Go to the line below that has "image 1 of 6", print it and each line after it exactly, and stop after the line that has "Jack Wolfskin Funktionsshirt"; leave out pictures.

◆ **DATA FOR THE TASK**
★ ★ ★ ★ ★ ★ ★

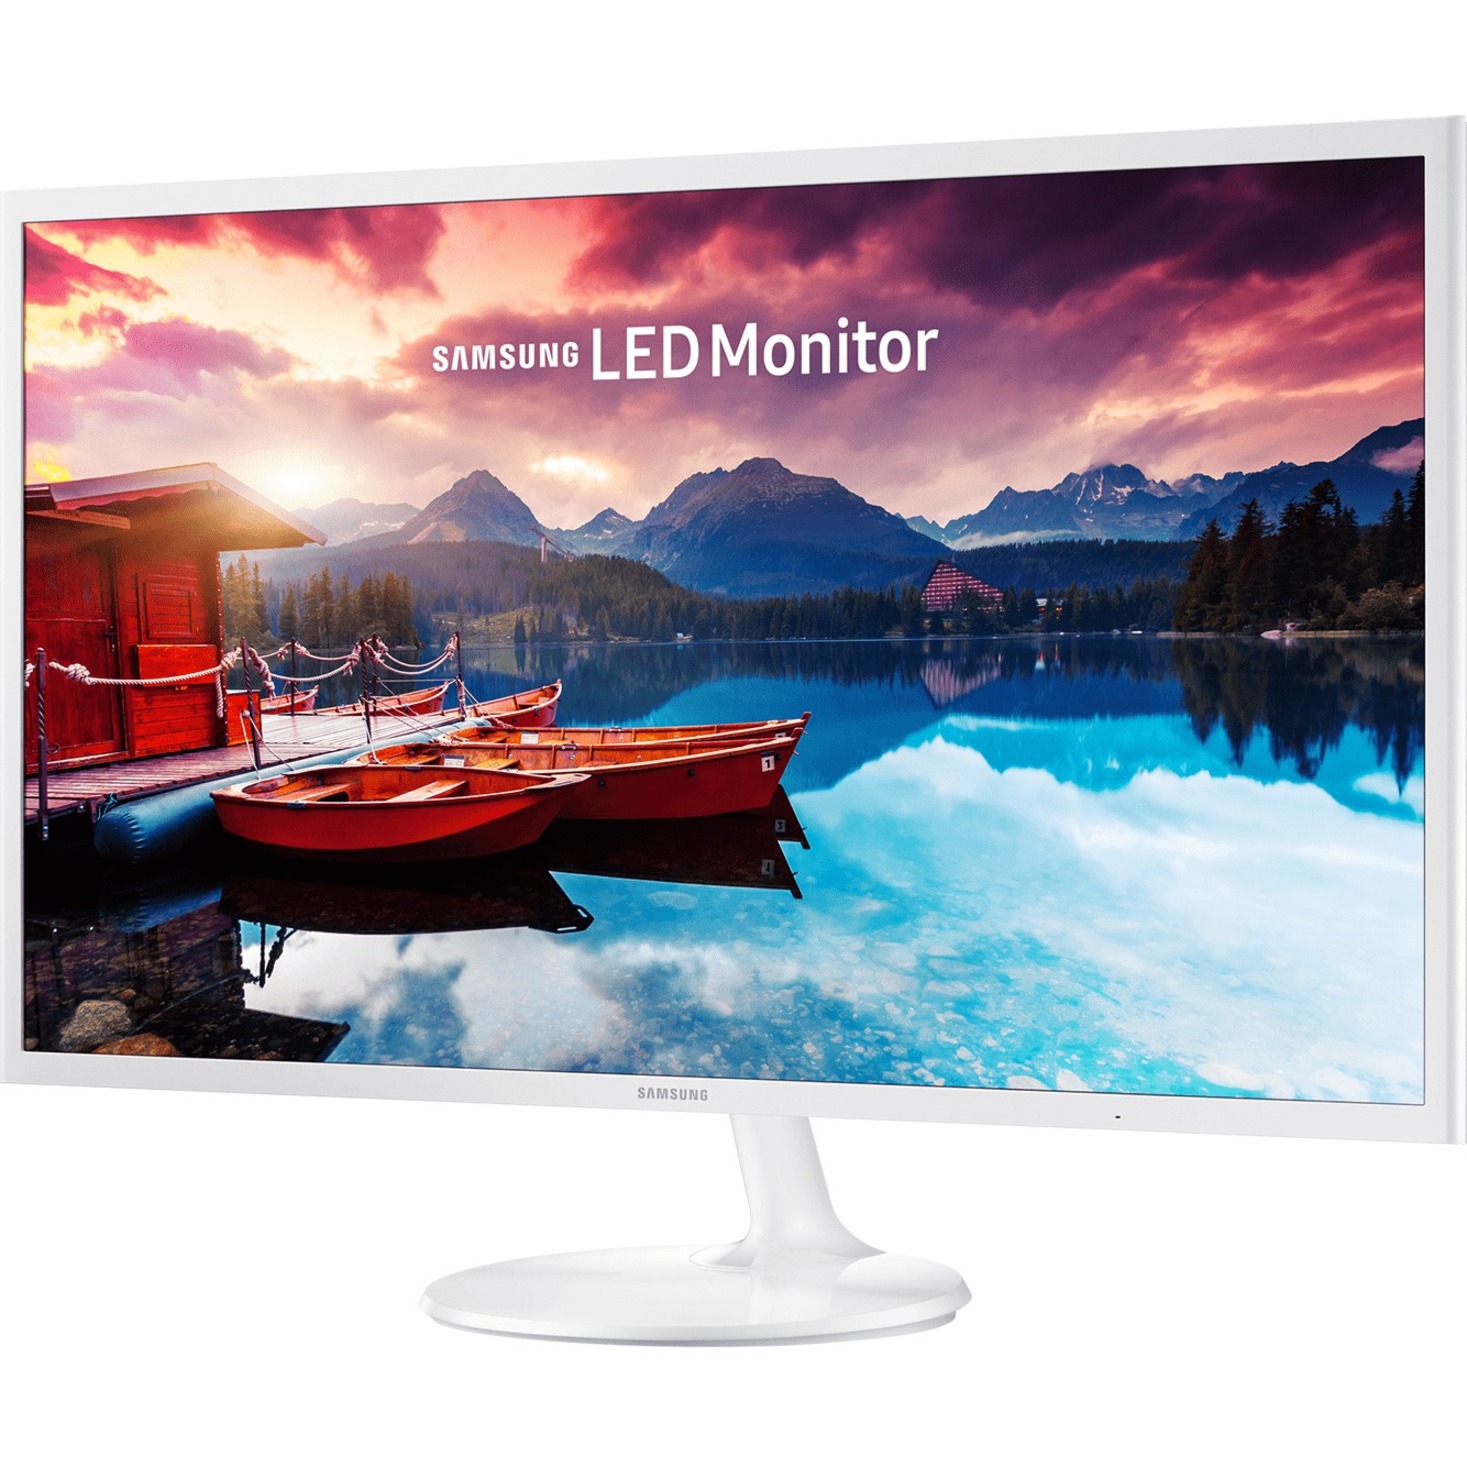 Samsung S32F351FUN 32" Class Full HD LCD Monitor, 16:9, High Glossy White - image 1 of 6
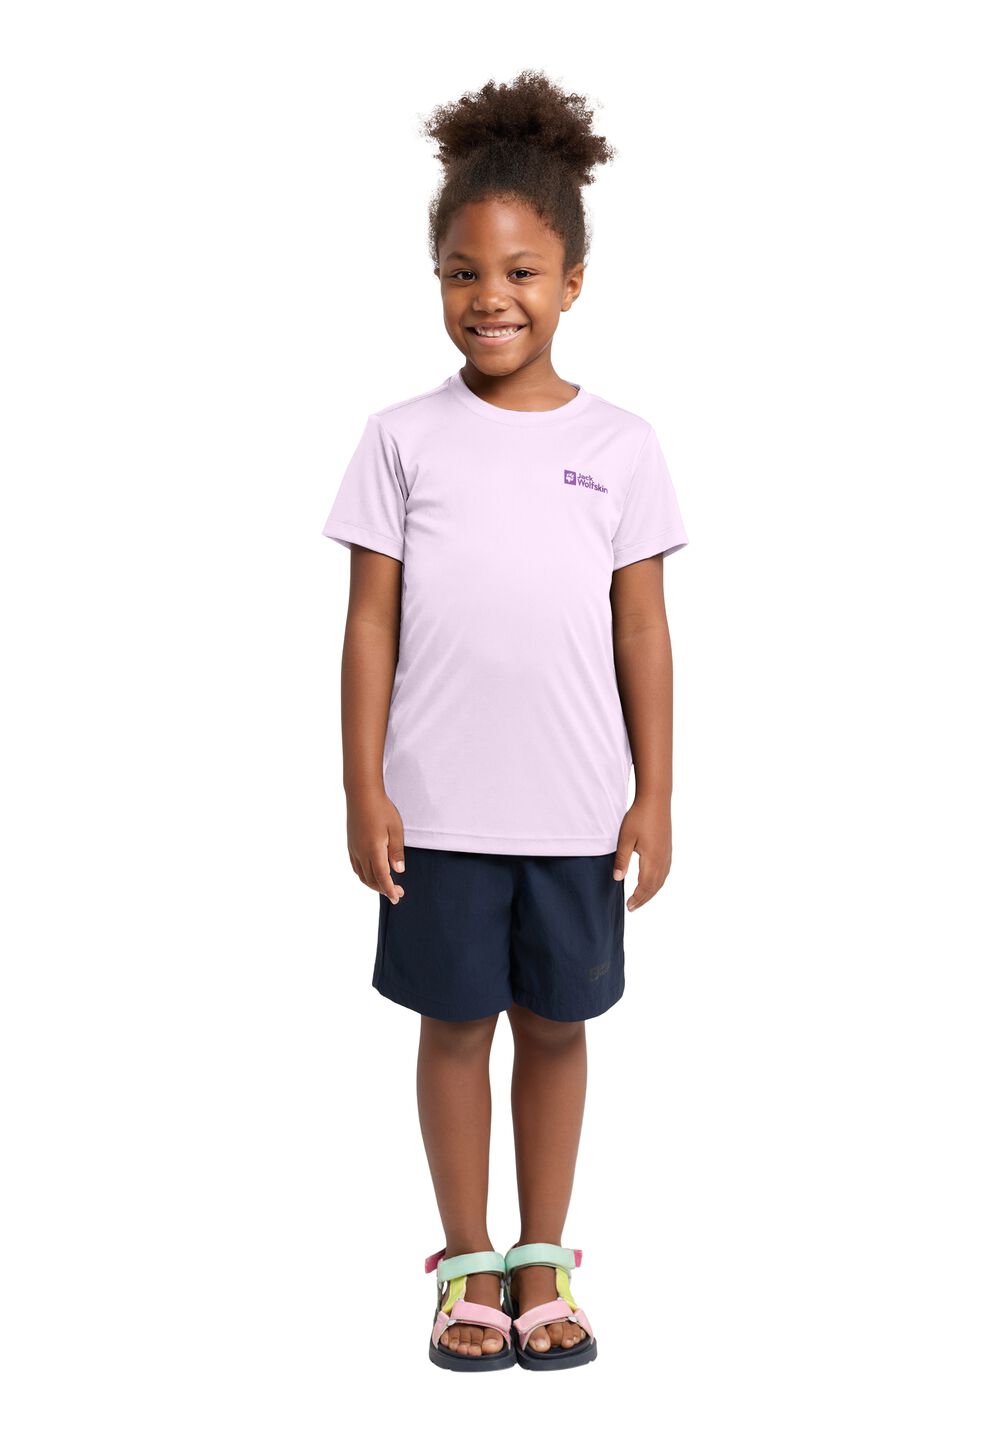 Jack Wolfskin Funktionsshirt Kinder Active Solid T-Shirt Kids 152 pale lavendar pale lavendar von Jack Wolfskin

★ ★ ★ ★ ★ ★ ★

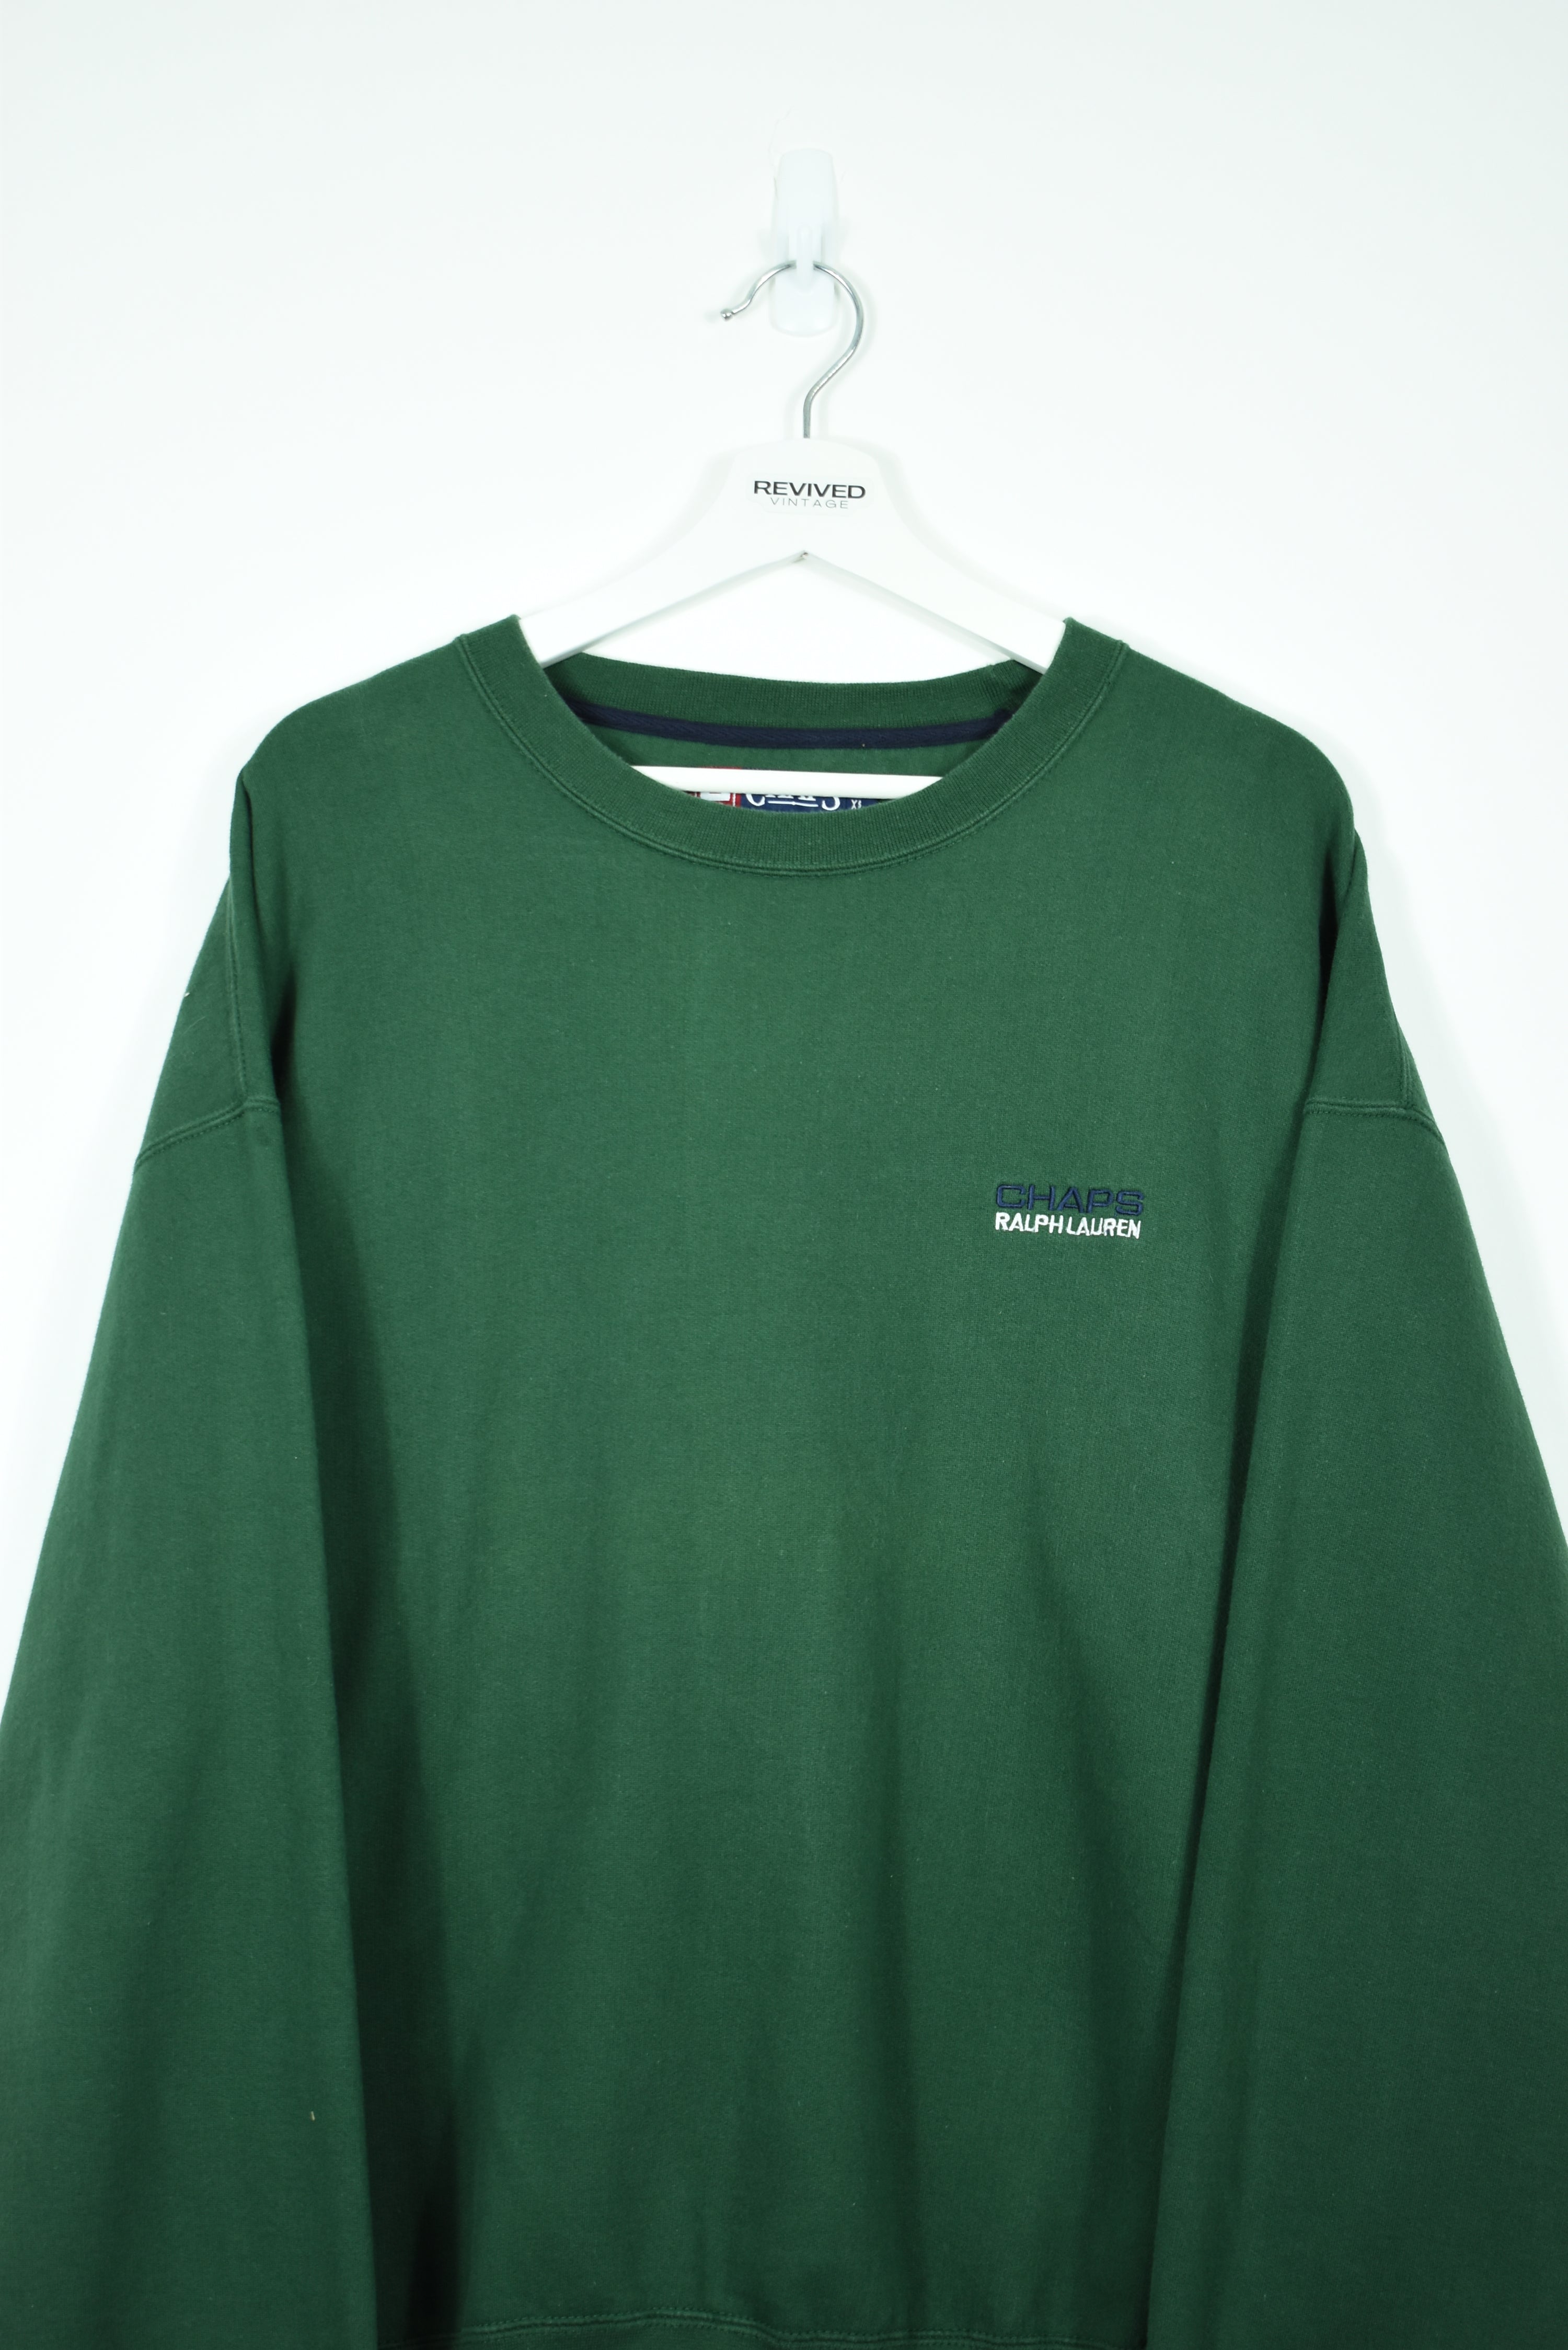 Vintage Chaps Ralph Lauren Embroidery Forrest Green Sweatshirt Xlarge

★ ★ ★ ★ ★ ★ ★

◆ **RESPONSE AREA**
 Samsung S32F351FUN 32" Class Full HD LCD Monitor, 16:9, High Glossy White - image 1 of 6
 Jack Wolfskin Funktionsshirt Kinder Active Solid T-Shirt Kids 152 pale lavendar pale lavendar von Jack Wolfskin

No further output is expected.